You may have seen my other threads, but i'm doing a couple of 42" wide built ins with lower cabs and upper bookcases with a 30" wide window seat in between them. Floor to ceiling, 8ft ceiling.

I don't know if this is considered small, but I'd sure like to see a link to some Harbor Freight HVLP sprayers that work decent!


----------



## noone (Mar 6, 2012)

Good point on the rail and stile width. I would have missed that!

My stiles are going to be 2" wide on the cabinets and uppers, so maybe I should go with the 3" rails and stiles on the doors….. Or do I go 4" No option for 3.25".


----------



## DS (Oct 10, 2011)

You'l find that any size between 3" and 4" will cost for 4". (Poor yield per plank above 3")

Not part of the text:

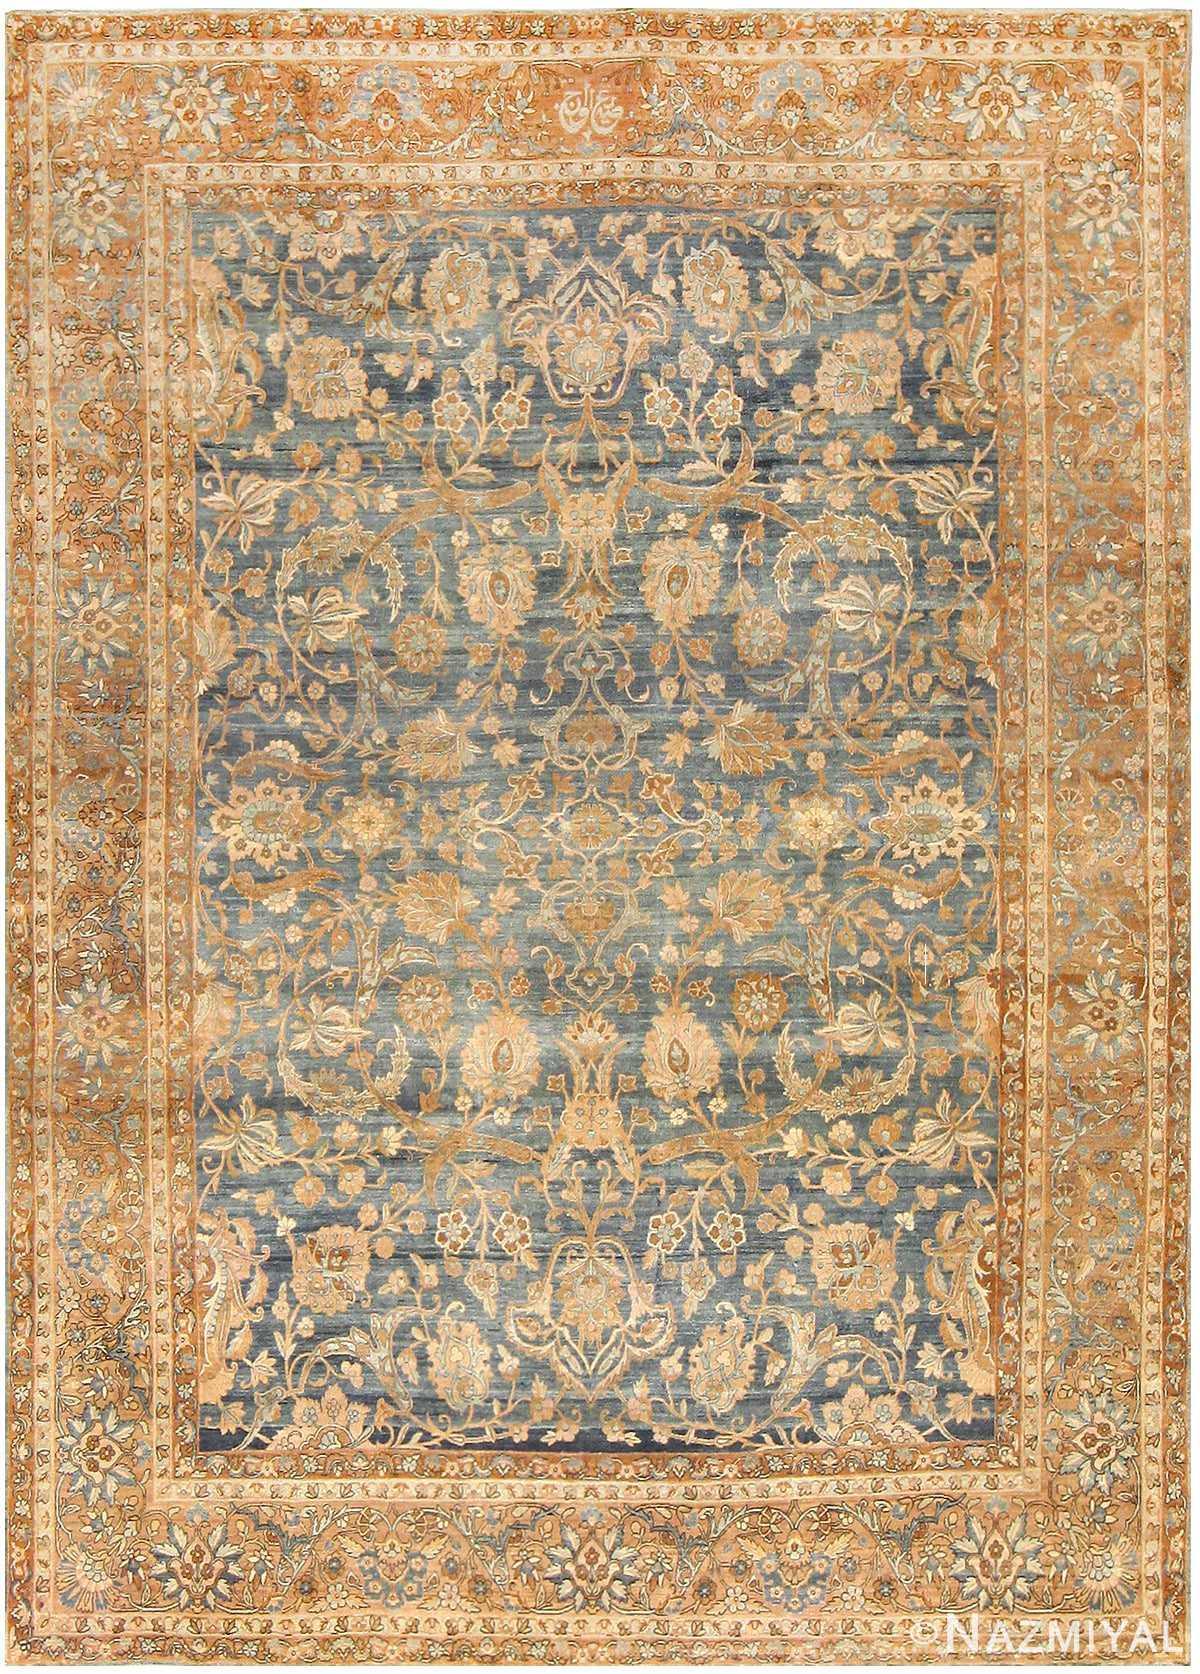 Antique Persian Kerman Rug 47316 Detail/Large View

I've seen HF HVLP on sale around $59


----------



## noone (Mar 6, 2012)

DS251 - Do you think a HF HVLP would be good enough for me to paint these cabinets, or will it be one of those, "I should have put that money towards a good HVLP"?

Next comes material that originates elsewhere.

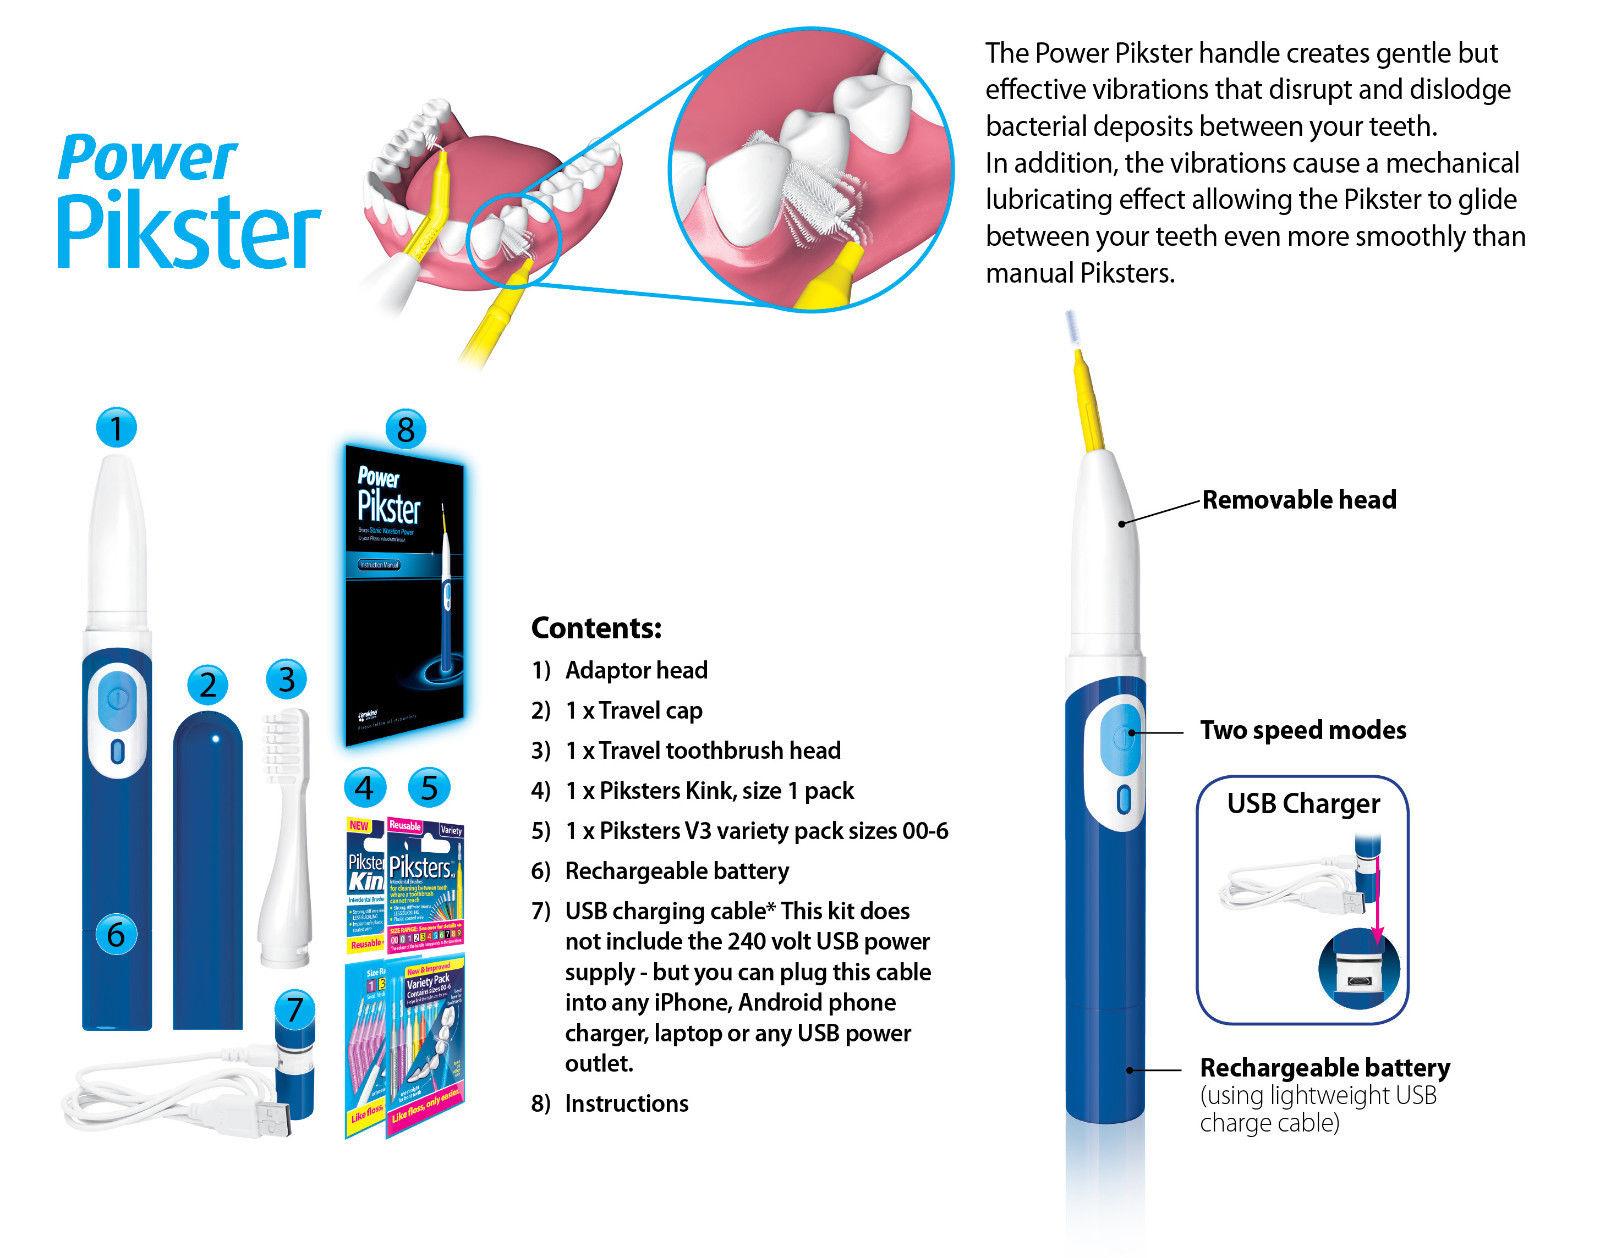 Power pikster info

I bought a 10" tile saw from them years ago and have used it on all kinds of tile work across two houses and have loaned it to my father on several tile jobs around his house and loaned it to a friend and she still runs strong…


----------



## Sawkerf (Dec 31, 2009)

I usually make my own doors and drawer fronts, but if I do buy them (I've done that twice), I get my face frames made before I place the order. If you blow a dimension, it's on you. - lol


----------



## ClintSearl (Dec 8, 2011)

Try these folks:
http://www.evanscabinetanddoor.com/
I've ordered from them twice, eight doors both times. Turnaround is less than a week; the doors are first class; great prices; and service is excellent.


----------



## jumbojack (Mar 20, 2011)

Heck build them. If I can do it you can do it. In less than a week I had sanded down 30 years of paint on the face frames and built the 17 doors and four drawer fronts.
http://lumberjocks.com/projects/51282


----------



## jumbojack (Mar 20, 2011)

they turned out pretty good.


----------



## dannelson (Nov 28, 2011)

Getting back to the subject, I have bought my doors for the last 10 years, with my cabinet program once I design, it generates a door list and off to the manufacturer it go's. I used to build all my doors, drawers, and fronts. that was then this is now. If you compare the price for doors you would be hard pressed to beat the big guys, example I can get a raised panel door the with choice of 80 door styles, wood species from afromosia to walnut ,60 style and rail profiles , 75 plus panel profiles 160 outside edge profiles not to mention applied mouldings. One year against warpage and sanded to 180. I can get a 12×12 red oak unfinished door for $15 and change, I would have to be able to produce that door in 15 minutes or less, I used to produce a kitchen a month complete when I built my own doors. now I can offer alot more styles and get more jobs by outsourcing the doors and fronts. I build all my boxes,face frames, pull outs and drawers . with the help of my cnc to cut the boxes and drawers I can now do three kitchens a month in a 1 man shop, HOWEVER you really have to be carefull when ordering , freight charges are on the rise and its hard to figure how much a kitchen full of doors weigh. luckly I have a door manufacter in the next town over so I can pick the doors up when there ready. It works out to about five days, which gives me time to build. I use Walz Craft from La Crosse WI and Innovation Custom Doors from Eagle WI


----------



## noone (Mar 6, 2012)

Dannelson, would you mind sharing your door vendor?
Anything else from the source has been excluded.